Page Size Extension
In computing, Page Size Extension (PSE) refers to a feature of x86 processors that allows for pages larger than the traditional 4 KiB size. It was introduced in the original Pentium processor, but it was only publicly documented by Intel with the release of the Pentium Pro.[1] The CPUID instruction can be used to identify the availability of PSE on x86 CPUs.[2]
Motivation
    


Imagine the following scenario. An application program requests a 1 MiB memory block. In order to fulfill this request, an operating system that supports paging and that is running on older x86 CPUs will have to allocate 256 pages of 4 KiB each. An overhead of 1 KiB of memory is required for maintaining page directories and page tables.

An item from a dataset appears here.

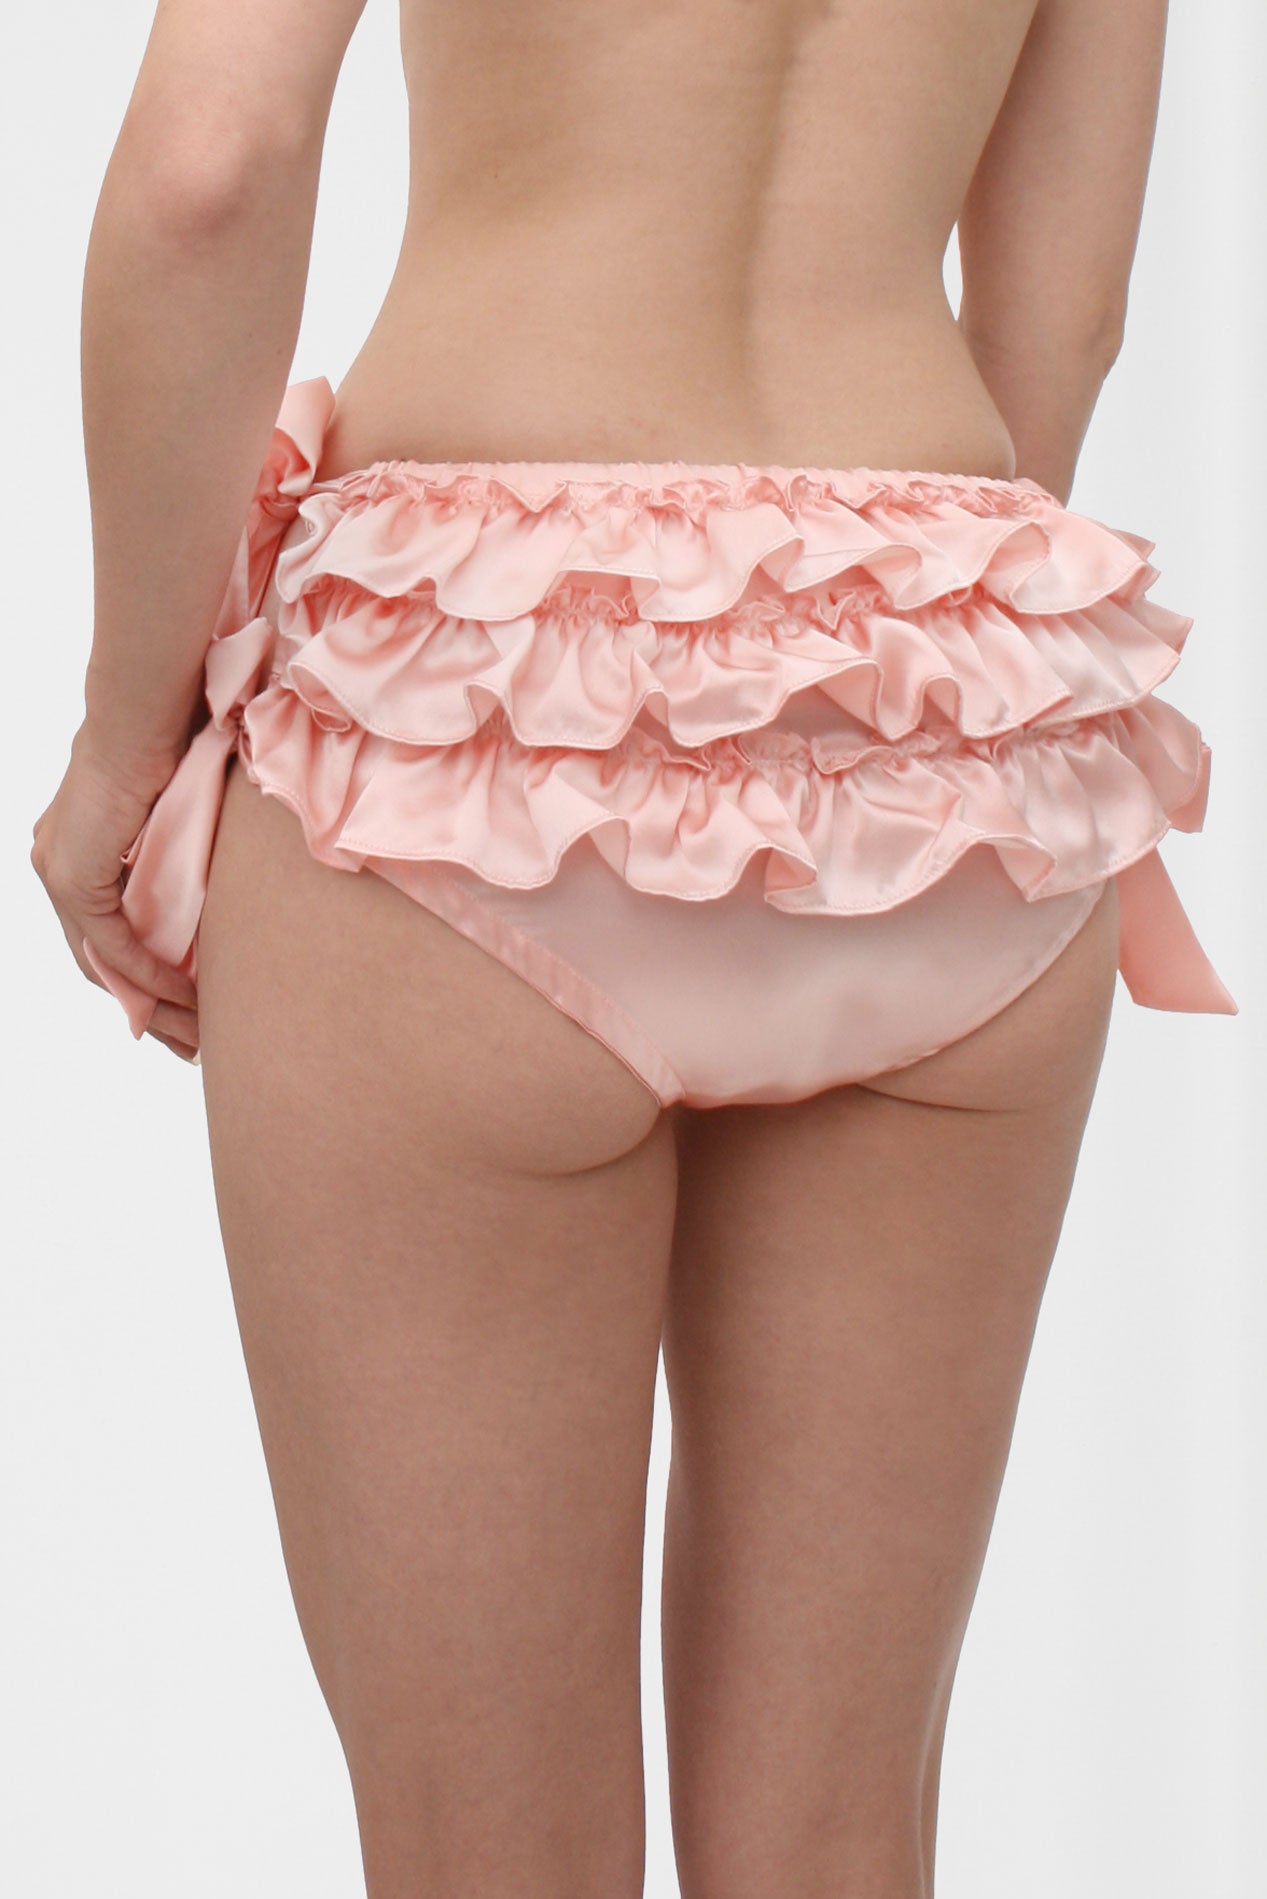 Women Underwear Sexy Ruffle Lingerie Knicker Satin Silk Panties

When accessing this 1 MiB memory, each of the 256 page entries would be cached in the translation lookaside buffer (TLB; a cache that remembers virtual address to physical address translations for faster lookup on subsequent memory requests). Cluttering the TLB is possibly one of the largest disadvantages of having several page entries for what could have been allocated in one single memory block. If the TLB gets filled, then a TLB entry would have to be freed, the page directory and page tables would have to be “walked” in memory, and finally, the memory would be accessed and the new entry would be brought into the TLB. This is a severe performance penalty and was possibly the largest motivation for augmenting the x86 architecture with larger page sizes.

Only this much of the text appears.